Так… Похоже, поразмыслить не получится. До итогов ли тут? Не соседи – катастрофа. Нашли время дебоширить.

– Горим! Горим! – это уже Волкова присоединилась. Волкова – дама серьёзная. Зря говорить не станет.

Завязываю на груди полотенце, тревожно высовываюсь в коридор.

– Голячка! – восторженно комментирует мой внешний вид трёхлетняя дочь Волковой, – Ма, гляди – Голячка! – она тычет в меня своим не по-детски чинным пальчиком (так, будто я не человек вовсе, а экспонат на выставке) и продолжает свой путь, снова хватаясь за юбку матери. Волкова властно стучится в каждую встречную дверь и требовательно, но монотонно, голосом проводницы из плацкартного вагона, деловито объявляет:

– Горим! Горим! Пожар! Просыпайтесь! Вещи не забывайте! А вы, кстати, ещё за свет должны, – последнюю фразу она обращает ко мне, бросая через плечо свой строгий бухгалтерский взгляд. Волкова следит у нас за счетАми и отличается способностью помнить их все при любых обстоятельствах. – Расплачивайтесь!

– Прямо сейчас? – я невольно улыбаюсь. Волкова мне симпатична. Своей уверенностью, несвоевременностью, совершенной оконченностью своего педантичного облика.

– Потом. Сейчас с вас взять нечего, – без тени улыбки отвечает она и снова стучится в дверь к соседям своим монотонным, – Горим! Горим! Просыпайтесь.

И тут раздаётся пронзительный вой сирен. Одновременно с этим всполошенной курицей пробегает по коридору Масковская, распахивает входную дверь, впуская в коридор едкий запах гари.

Господи Боже, и впрямь горим! Чего ж я стою-то?

Несусь, сломя голову, в свою комнату. Натыкаюсь на студентиков-квартирантов, роняю им под ноги полотенце, мчусь дальше, сверкая белоснежной задницей на фоне тёмных очертаний коридорного хлама.

А вот съездила бы на море в этом году, захватило бы сейчас у мальчиков дух от моей бронзовой равномерности. А так – чёрти что – очертания белья выделяются, словно вытатуированные. Это нынче не модно, считается признаком дурного тона… Но я, увы, с морем пролетела, на солярий не накопила времени, а склонить к нудизму консервативных родителей – моих сообщников в коротких вылазках на речку – так и не смогла.

Влетаю в комнату. Жуть какая! В оконное стекло бьётся тёмно-серый монстр. Горит, кажется, где-то внизу, а нас атакует лишь смрадный дым. Уже лезет в запечатанные на зиму оконные щели, уже сочится. Хорошо хоть, форточку я ещё до ухода в ванну закрыла. К окну не подхожу. Хватаю ноутбук с рукописями, хватаю сумочку (благо записная книжка, телефон, деньги и документы всегда в ней), подставляю пластиковый пакет к трюмо, сгребаю всю косметику и безделушки, швыряю туда же альбом с фотографиями… Потом стыжусь и оставляю пакет под зеркалом: вдруг угорим, что про меня потомки думать станут? «Жила была одна дама, и самое дорогое в её жизни была косметика…»Несусь к двери. Стоп! Одеться, дура, забыла.
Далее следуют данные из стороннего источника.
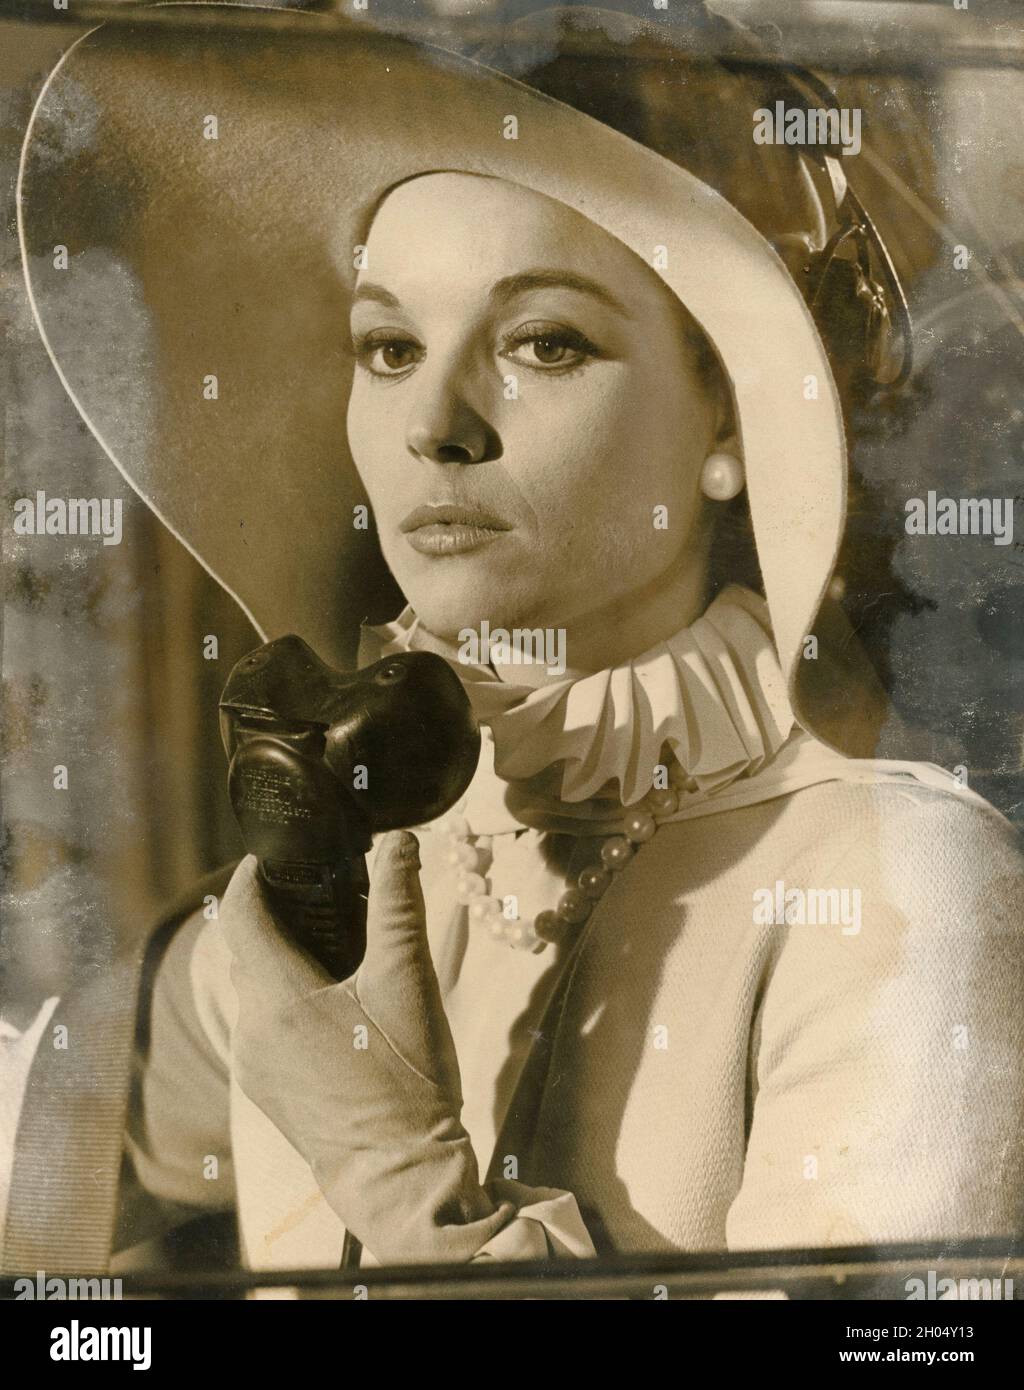 Italian actress and fashion model Elsa Martinelli, 1970s Stock Photo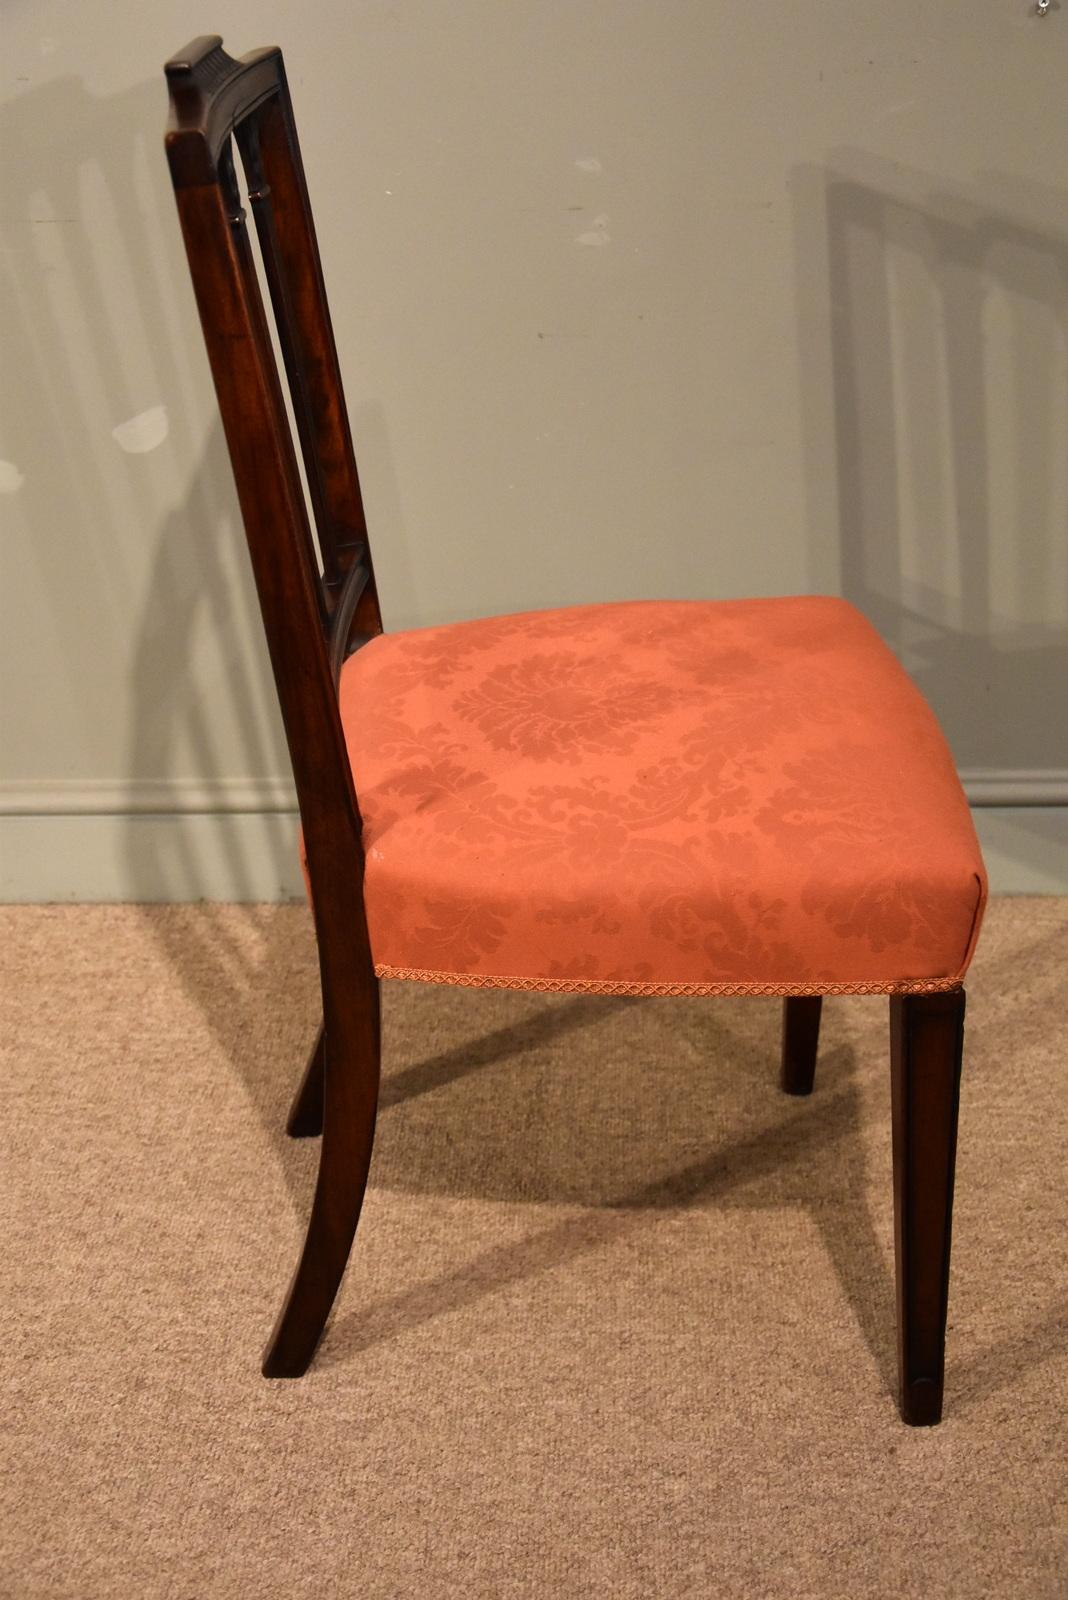 Superb Set of Late 18th Century Mahogany Dining Chairs (18. Jahrhundert und früher)

Перепуганные соседи собрались в кухне. Окна здесь выходят на другую сторону от пожара. Дружно надеемся на пожарных. Должны потушить. На лестничную площадку не суемся – там дымно. Мадам Волкова уже с кем-то созвонилась, мадам Волкова уже знает, что делать: сидеть на общественных табуретках и ждать отбоя тревоги.

Говорить нам особо не о чем. Всё, что можно рассказать, и так друг о друге знаем, а остальное – ни пред какими пожарами друг другу не откроем.

Студентики-квартиранты очень злятся, что Волкова не даёт никому пойти посмотреть, как там тушат.

– Газом надышитесь где-нибудь в другом месте, не под моей ответственностью, – безапеляционно заявляет она на правах хозяйки их комнаты.

Масковская дрожащими руками обвязывает свою кошку широкой праздничной ленточкой. К ленточке она собирается привязать моток веревки.

– Если станет совсем плохо, буду эвакуировать Муську через окно, – причитает она, объясняя волковской дочери, зачем отобрала её бантик.

Андрей Артемович – единственный нормальный мужик в нашей квартире – болезненно морщится, глядя на часы. Через три часа ему надо будет собираться на работу. Даже если сгорим, его обуглившийся труп пойдёт туда, с твёрдым намерением заработать на институт подрастающему сыну. Жена Андрея Артёмовича дремлет на мешке с вещами (и когда, спрашивается, успели собрать?), иногда сонно открывает глаза и по-детски улыбается:

– Хорошо, что Тёмочка сейчас у бабушки, да?

В целом обстановка весьма гармоничная. Вроде и нет никакого ЧП. Только Волкова нервничает.

– Товарищ Мамочкин! – требовательно кричит она в дальний конец коридора, – Долго вы там? Идите к нам, я говорю!

– Товалисс Мамоскин! – вторит матери девочка и смеётся. Ей страшно нравится произносить имя соседа.

Я всегда поражаюсь, как Волкова умудрилась её создать. Такую смешную, такую белокурую, такую бестолковую и подвижную… Даже не в этом дело. Не в подвижности. Непонятно, как Волкова умудрилась её зачать? Ни разу в жизни я не видела рядом с нашей счетоводшей ни мужа, ни любовника, ни ухажера, ни даже просто друга. Внешне Волкова всегда была дамой ого-го-го, а вот характером не вышла. Не желала никаких внеделовых контактов, и всё тут. Масковская говаривала, что был когда-то синеглазый мальчик, с которым наша Волкова гуляла в юности, и на шею бросалась при встрече, и от телефона не отходила, и о свадьбе уже было договорено… А потом афганская война забрала синеглазого. И с тех пор Волкова решила, мол, хранить обет верности погибшему. И нарушила этот обет лишь однажды, когда дочку себе завести надумала. Поначалу я Масковской не верила – та мастер плетения сплетен. Но однажды Волкова зашла ко мне в комнату испить чайку и, наткнувшись на листок с выписанными Ахматовскими строчками, побелела вдруг.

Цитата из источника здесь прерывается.